## Extracting Words from Predicted Characters 

The character extraction pipeline is currently unable to recognize spaces and as a result is unable to differentiate between distinct words. This is a starting point to determine how such an approach would work.

Before delving into this, a quick reminder that our pipeline at the moment is : 'Cover Image' -- 'A list of continuous extracted characters' -- 'A continuous string of predcicted characters'.

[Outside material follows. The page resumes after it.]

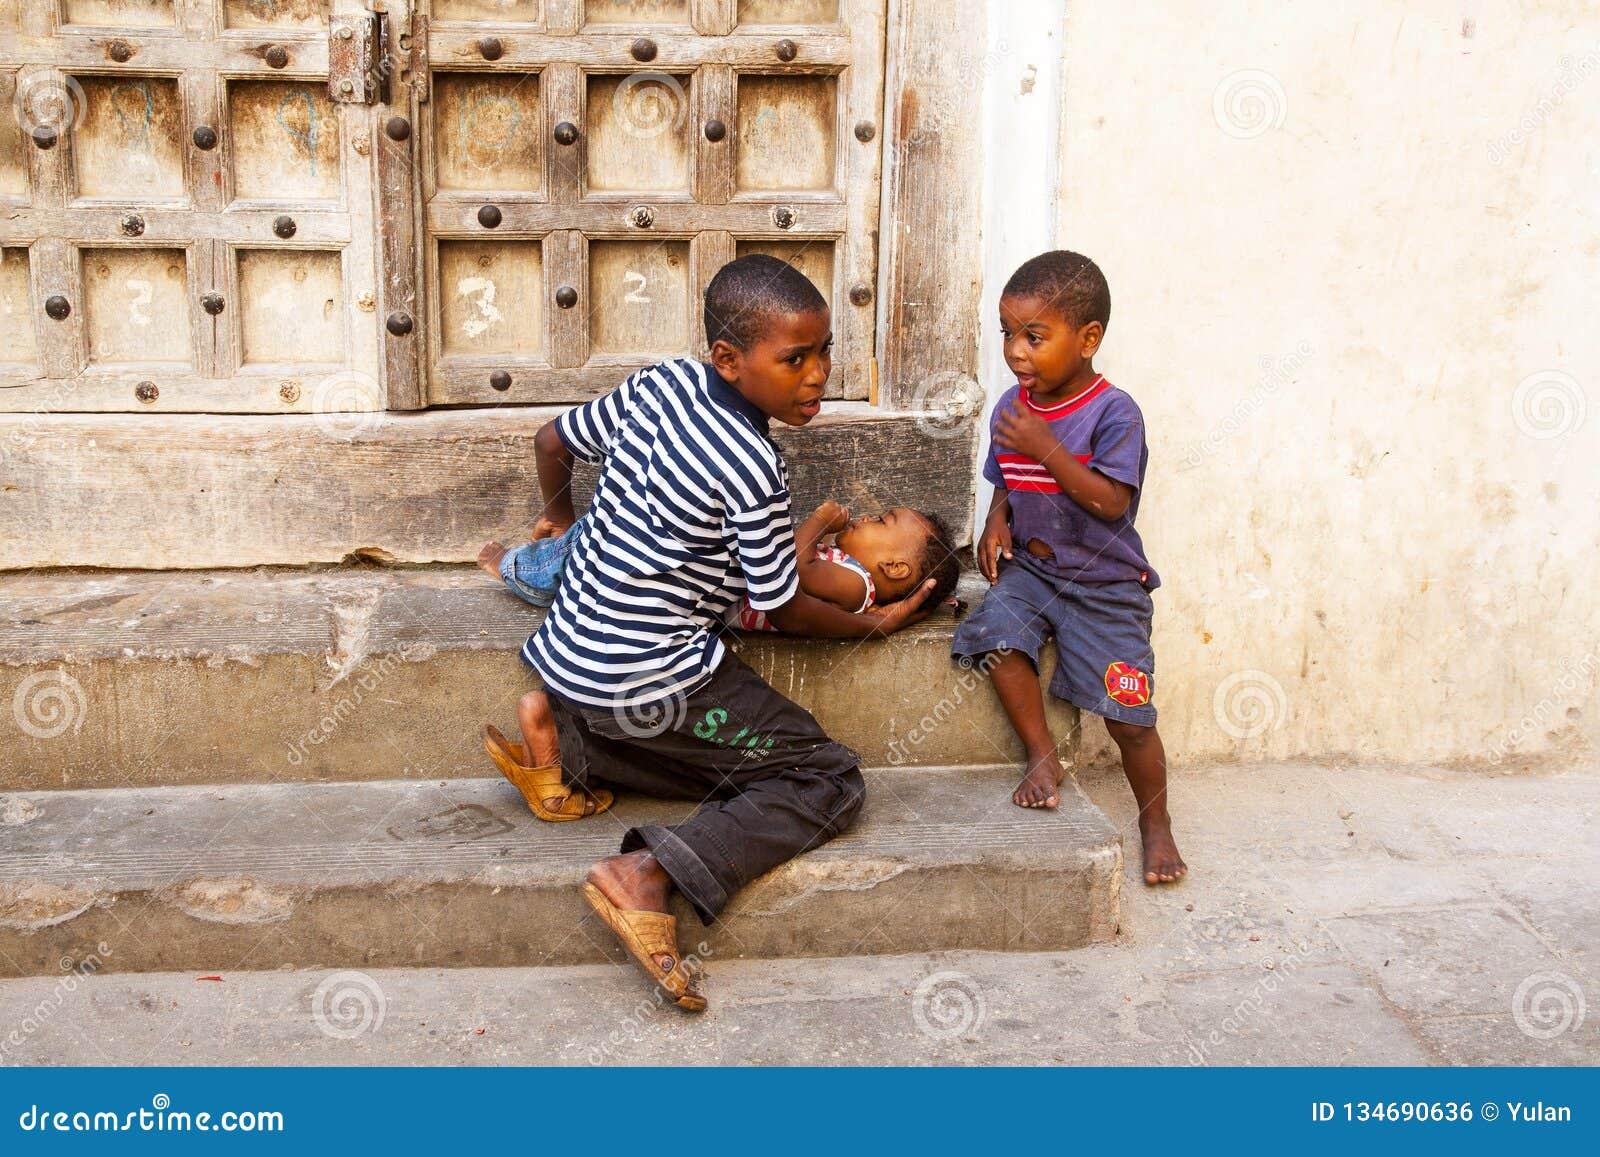 Δύο μικρά αφρικανικά αγόρια φροντίζουν το μικρότερο αδερφό τους

This continous string of all predicted characters is what we feeding into this model with the expected output being a list of predicted words that make up this string.

Two things to note:

##### 1. We need a more substantial data to better train this model. As of now we are only using data of around 4000 most common words in Italian language. Books in Italian would help the model learn more about frequencies of different words and assign proper weights accordingly

##### 2. The model is a little simplistic where we are training from scratch, mostly this was due to us wanting to learn how exactly a word segementation model works. A different approach would be to use pre calculated models and use those for predictions

In [1]:
import re
import math
import string
from collections import Counter
from __future__ import division
import random

## Tokenize the data (Input File)

We take the input file we using to train our model (for instance a book), tokenize it and store the statistics of word frequency in a counter.

In [2]:
# tokenizes the data
def tokens(text):
    "List all the word tokens (consecutive letters) in a text. Normalize to lowercase."
    return re.findall('[a-z]+', text.lower()) 

In [3]:
# text = open('./Data/italian_corpora/ita_wikipedia_2010_10K-sentences.txt').read()
# text = open('./Data/italian_corpora/Italian_Word_Dictionary.txt').read()
text = open('./Data/italian_corpora/ita_news_2005-2009_1M-sentences.txt').read()

words = tokens(text)
len(words)

18917144

In [4]:
# printing some of the tokens, them being at the top has nothing to do 
# with freqency -- they just show up at the beginning of the document.
print(words[:10])

['a', 'francoforte', 'in', 'evidenza', 'il', 'tecnologico', 'infineon', 'seguito', 'dai', 'finanziari']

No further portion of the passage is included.